Whereat he suddenly collapsed on a bench, took his face in his hands, and began crying. The other man, seeing that public feeling was against him, went out.

Afterwards I heard Steve explaining the cause of the quarrel. It appeared that it was all about a shilling's worth of food. In some way the old man had lost his store of bread and margarine, and so would have nothing to eat for the next three days, except what the others gave him in charity. The stevedore, who was in work and well fed, had taunted him; hence the quarrel.

When my money was down to one and fourpence I went for a night to a lodging-house in Bow, where the charge was only eightpence. One went down an area and through an alley-way into a deep, stifling cellar, ten feet square. Ten men, navvies mostly, were sitting in the fierce glare of the fire. It was midnight, but the deputy's son, a pale, sticky child of five, was there playing on the navvies' knees. An old Irishman was whistling to a blind bullfinch in a tiny cage. There were other songbirds there—tiny, faded things, that had lived all their lives underground. The lodgers habitually made water in the fire, to save going across a yard to the lavatory. As I sat at the table I felt something stir near my feet, and, looking down, saw a wave of black things moving slowly across the floor; they were black-beetles.

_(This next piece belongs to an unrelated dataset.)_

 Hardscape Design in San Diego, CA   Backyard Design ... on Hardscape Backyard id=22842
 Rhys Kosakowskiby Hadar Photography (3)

There were six beds in the dormitory, and the sheets, marked in huge letters 'Stolen from No. — Bow Road', smelt loathsome. In the next bed to me lay a very old man, a pavement artist, with some extraordinary curvature of the spine that made him stick right out of bed, with his back a foot or two from my face. It was bare, and marked with curious swirls of dirt, like a marble table-top. During the night a man came in drunk and was sick on the floor, close to my bed. There were bugs too—not so bad as in Paris, but enough to keep one awake. It was a filthy place. Yet the deputy and his wife were friendly people, and ready to make one a cup of tea at any hour of the day or night.

Chapter XXVI

In the morning, after paying for the usual tea-and-two-slices and buying half an ounce of tobacco, I had a halfpenny left. I did not care to ask B. for more money yet, so there was nothing for it but to go to a casual ward. I had very little idea how to set about this, but I knew that there was a casual ward at Romton, so I walked out there, arriving at three or four in the afternoon. Leaning against the pigpens in Romton market-place was a wizened old Irishman, obviously a tramp. I went and leaned beside him, and presently offered him my tobacco-box. He opened the box and looked at the tobacco in astonishment:

'By God,' he said, 'dere's sixpennorth o' good baccy here! Where de hell d'you get hold o' dat? You ain't been on de road long.'

'What, don't you have tobacco on the road?' I said.

'Oh, we has it. Look.'

He produced a rusty tin which had once held Oxo Cubes. In it were twenty or thirty cigarette-ends, picked up from the pavement. The Irishman said that he rarely got any other tobacco; he added that, with care, one could collect two ounces of tobacco a day on the London pavements.